Kuehne Benjamin, Trieschmann Jan, Butzer Sarina Kim, Mehler Katrin, Gottschalk Ingo, Kribs Angela, Oberthuer André

机构信息

Division of Neonatology, Department of Pediatrics, Faculty of Medicine and University Hospital Cologne, University of Cologne, 50937 Cologne, Germany.
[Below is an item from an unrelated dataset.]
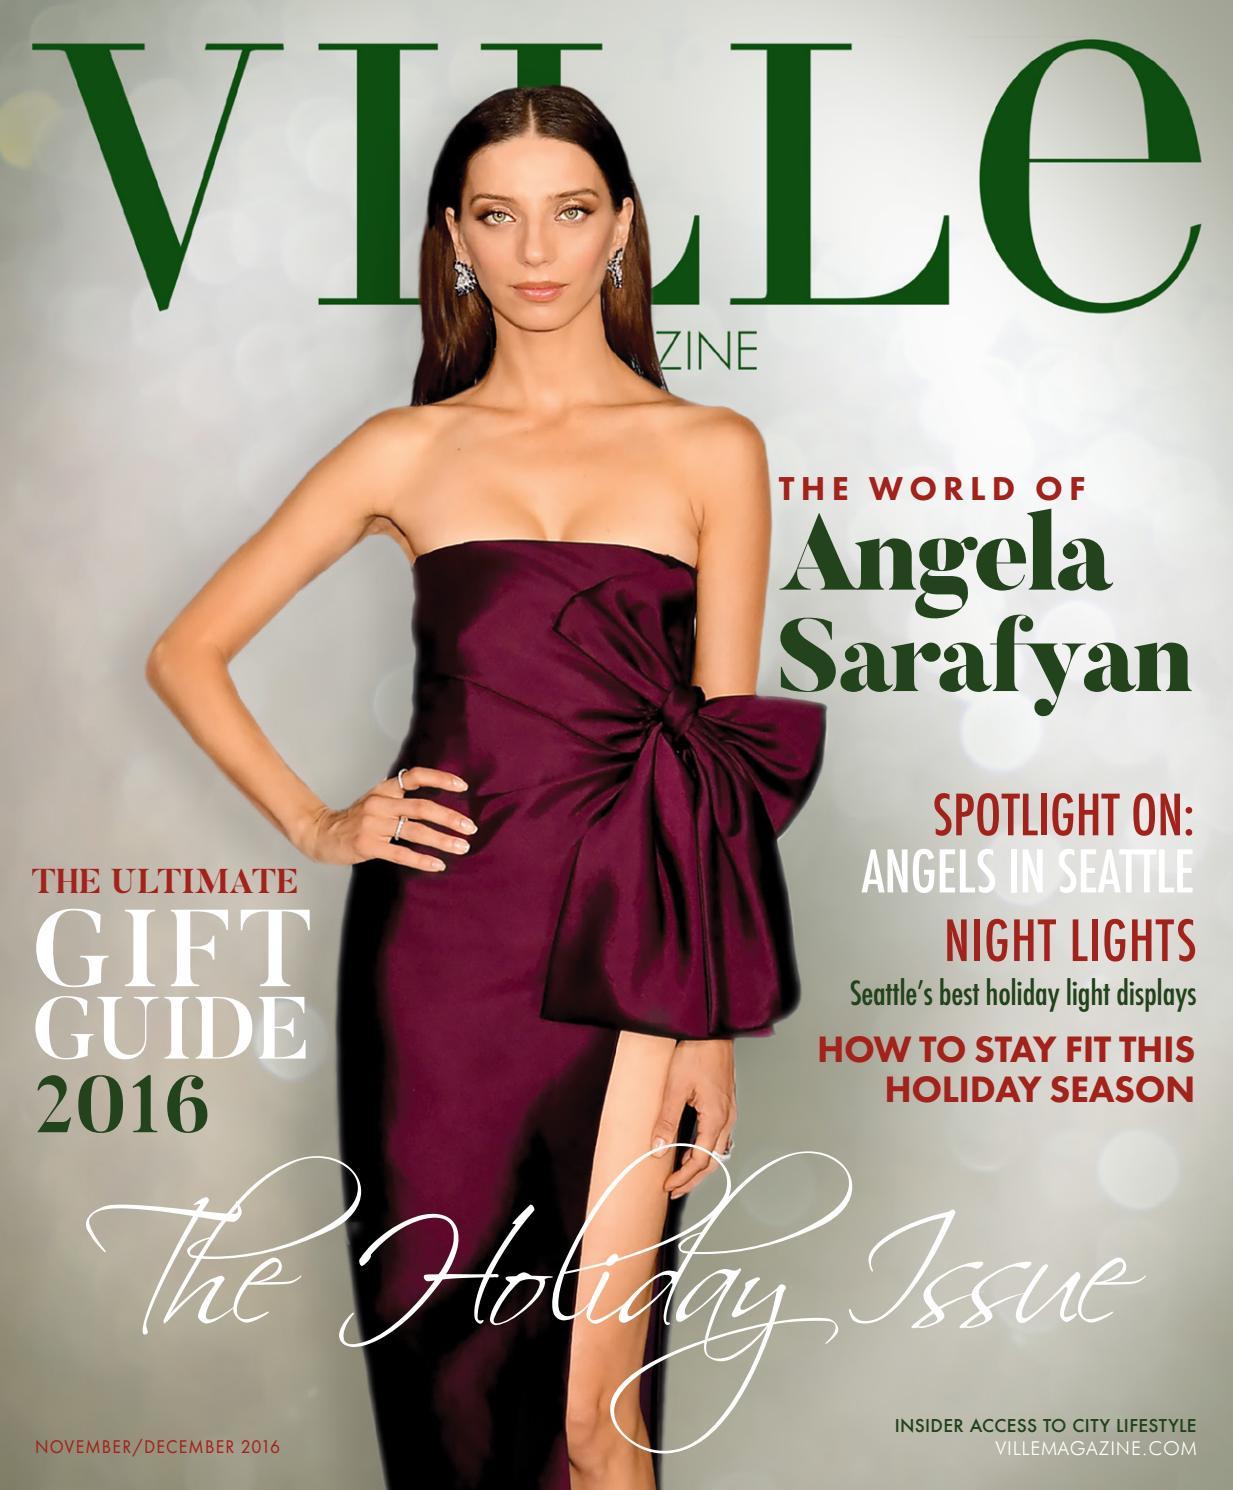 Angela Sarafyan Tits nov/dec 2016 l the holiday issueville magazine - issuu

Department of Gynecology and Obstetrics, Faculty of Medicine and University Hospital Cologne, University of Cologne, 50937 Cologne, Germany.

出版信息

Children (Basel). 2024 Oct 17;11(10):1256. doi: 10.3390/children11101256.

Abstract

BACKGROUND

Monochorionic (MC) twins are at risk for severe twin-to-twin transfusion syndrome (TTTS) or twin anemia-polycythemia sequence (TAPS). In the case of preterm delivery, cesarean section (CS) with immediate umbilical cord clamping (ICC) of both twins is usually performed. While the recipient is at risk for polycythemia and may benefit from ICC, this procedure may result in aggravation of anemia with increased morbidity in the anemic donor. The purpose of this study was to demonstrate that the novel approach of selective extrauterine placental perfusion (EPP) with delayed umbilical cord clamping (DCC) in the donor infant is feasible in neonatal resuscitation of MC twins and may prevent severe anemia in donor and polycythemia in the recipient.

METHODS

Preterm MC twins with antenatal suspected severe anemia of the donor as measured by Doppler ultrasound, born with birthweights < 1500 g by CS, were transferred to the neonatal resuscitation unit with placenta and intact umbilical cords. In the donor, the umbilical cord was left intact to provide DCC with parallel respiratory support (EPP approach), while the cord of the recipient was clamped immediately after identification.

RESULTS

Selective EPP was performed in three cases of MC twins with TAPS and acute peripartum TTTS. All donor twins had initial hemoglobin levels ≥ 13.0 g/dL, and none of them required red blood cell transfusion on the first day after birth.

CONCLUSIONS

Selective EPP may be a feasible strategy for neonatal resuscitation of MC preterm twins with high stage TAPS and TTTS to prevent anemia-related morbidities and may improve infant outcome.

摘要

背景

单绒毛膜(MC)双胎有发生严重双胎输血综合征(TTTS)或双胎贫血 - 红细胞增多序列征(TAPS)的风险。对于早产情况,通常会对双胎进行剖宫产(CS)并立即钳夹脐带(ICC)。虽然受血儿有红细胞增多的风险,可能从脐带立即钳夹中获益,但该操作可能会加重贫血供体的贫血状况并增加其发病率。本研究的目的是证明在供体婴儿中采用选择性宫外胎盘灌注(EPP)和延迟脐带钳夹(DCC)的新方法在MC双胎新生儿复苏中是可行的,并且可以预防供体的严重贫血和受血儿的红细胞增多症。

方法

通过多普勒超声产前怀疑供体严重贫血的早产MC双胎,经剖宫产出生体重<1500g,带着胎盘和完整脐带转入新生儿复苏单元。在供体中,保留脐带完整以提供延迟脐带钳夹并给予并行呼吸支持(EPP方法),而受血儿的脐带在识别后立即钳夹。

结果

对3例患有TAPS和急性分娩期TTTS的MC双胎进行了选择性EPP。所有供体双胎出生时初始血红蛋白水平≥13.0g/dL,且出生后第一天均无需输注红细胞。

结论

选择性EPP可能是对患有高分期TAPS和TTTS的MC早产双胎进行新生儿复苏以预防贫血相关并发症的可行策略,并且可能改善婴儿结局。